Today, project manager Dylan Eastman shares the special experience of designing and sourcing material for that amazing dining room table. As of today, it’s the most pinned of our virtual tour images on Pinterest. You certainly do love it, as do we! See the dining table in our great room virtual tour and see the exclusive how-to project here.
In designing the kitchen table, I wanted to use reclaimed wood to counter some of the more refined elements in the front rooms. I also wanted to add color without relying heavily on place setting and flowers. With the coastal setting of this year’s house, I knew a beach motif (done right) would accent the wood while giving an additional dimension to the table. So I went on the hunt for local sea glass and shells.
On the drive to Harker’s Island, I discovered a place call Captain Blaine’s, a store that sells fresh seafood and local crafts. The owner walks the beach regularly to collect shells and sea glass (which she sorts by color) to sell in the shop. I carefully picked through her inventory of beach treasures, looking for just the right colors and textures. Portions of bottles with imprinted text were saved. Remnants of old decorative glass windows were culled. Then I mixed in pearlescent sea scallops, iridescent witch’s nails and purple wampum to accent the glass.

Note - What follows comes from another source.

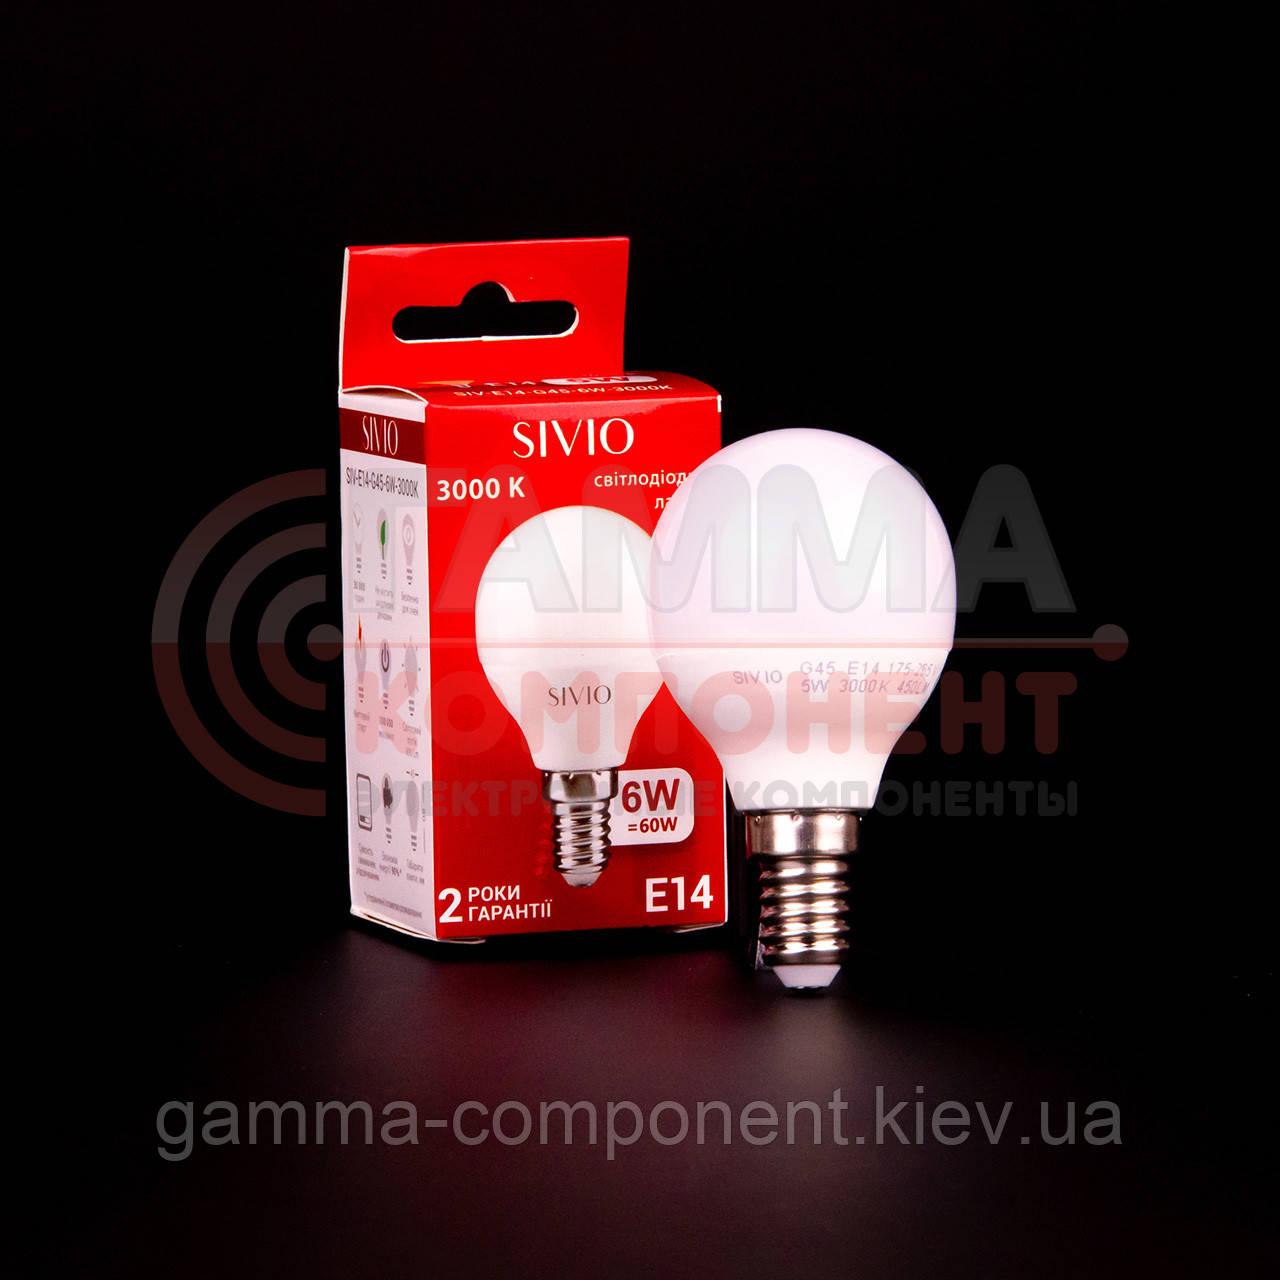 Светодиодная лампа SIVIO G45 6W, E14, 3000K, теплый белый
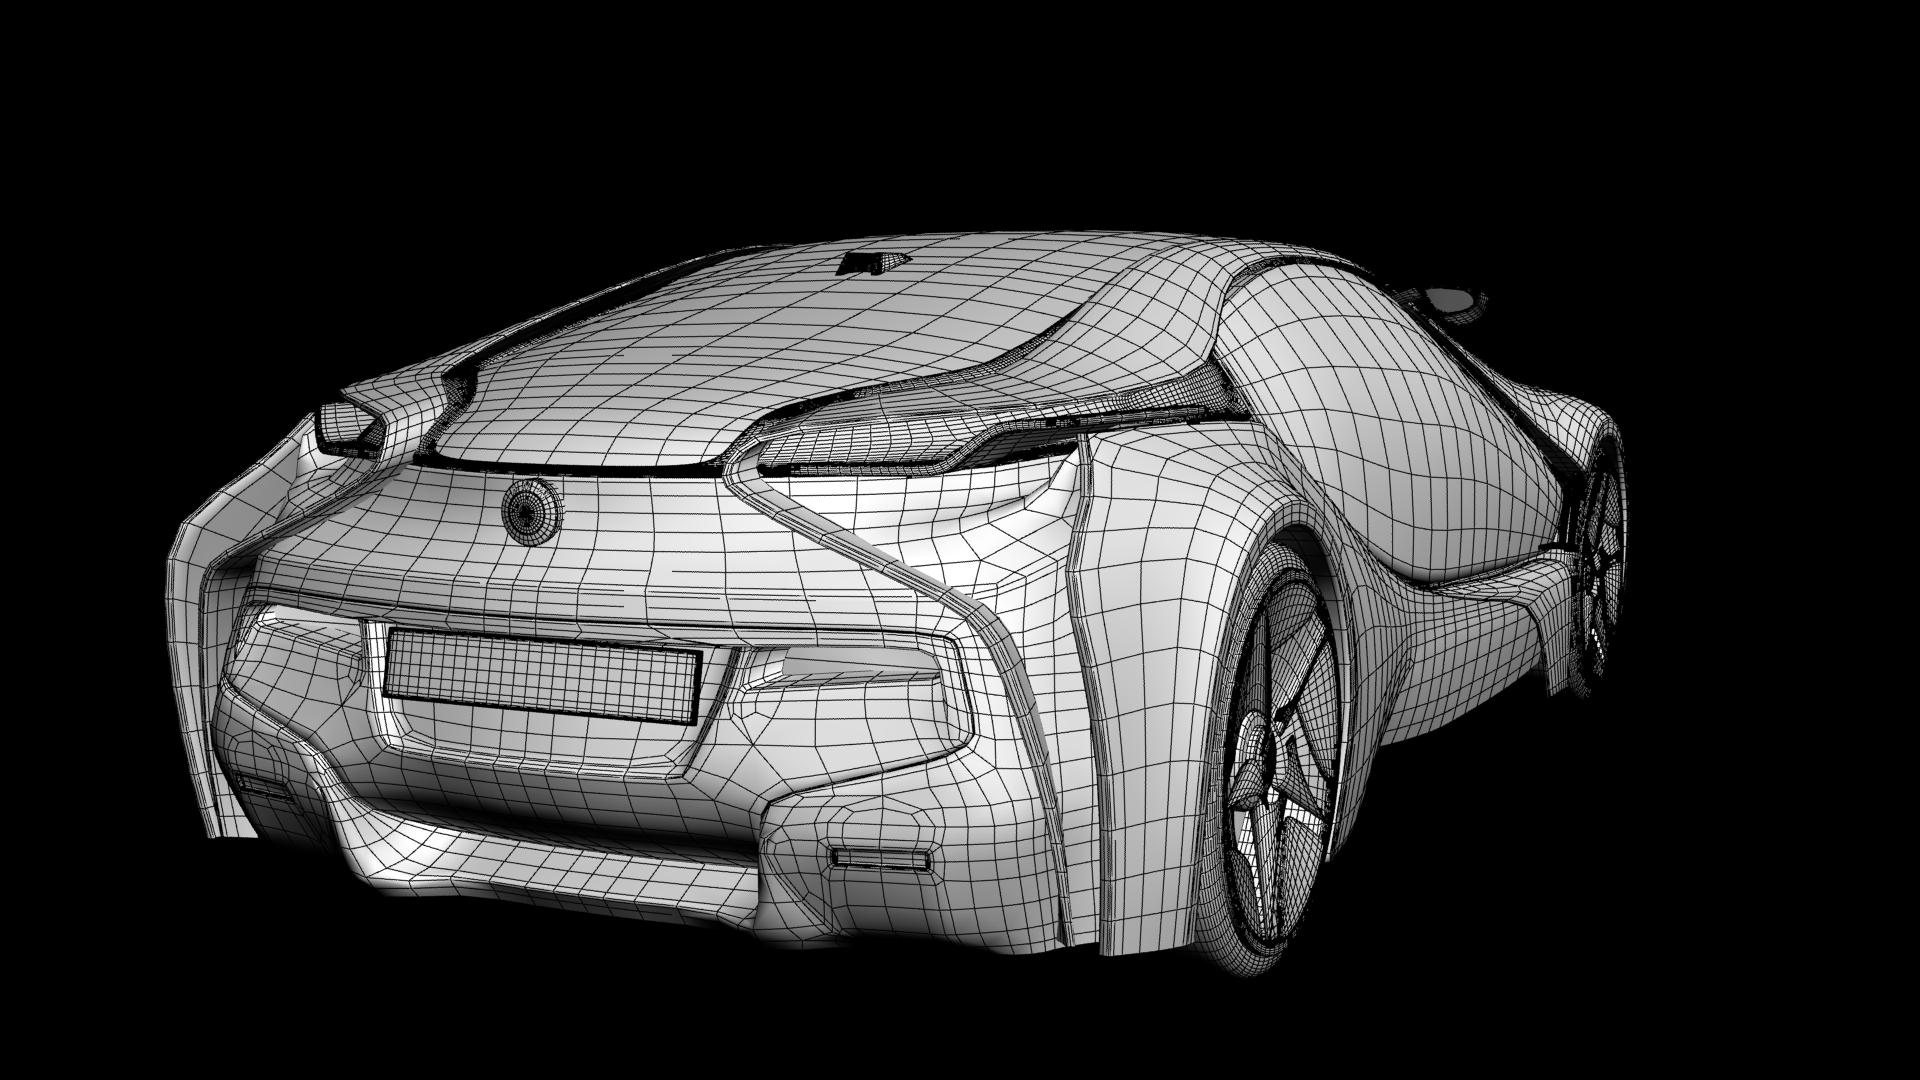 Bmw Efficientdynamics 3d Model Max Obj Cgtrader Com

After making my purchase, we chatted at length about the island and the origin of the glass and shells. Originally home to the Coree native American tribe, Harker’s Island attracted residents through the colonial period. In the late 1800s, hurricanes drove even more residents to the island from the storm-devastated outer banks. Until 1941, the only way on or off the island was by boat or ferry — it was not uncommon for residents to cast household debris (back then, mostly wood-, porcelain- or glass-based) into the sound. I figured that most of the sea glass I selected was between 70 and 100 years old.
During the table build, sand from our beach on the Core Sound was laid out to dry under the cabin cam. LEDs were run around the interior perimeter of the table to give a 21st-century accent. Then show host Chris Grundy and Kitchen Crashers host Alison Victoria carefully completed the beach motif by placing each piece of glass or shell in its perfect location. A signed message in a bottle was even left for the future winner of this home. Finally, a piece of clear glass was set over the motif to complete the top. In the end, this table represents the history of our house, the history of the coast and a modern take on upcycling.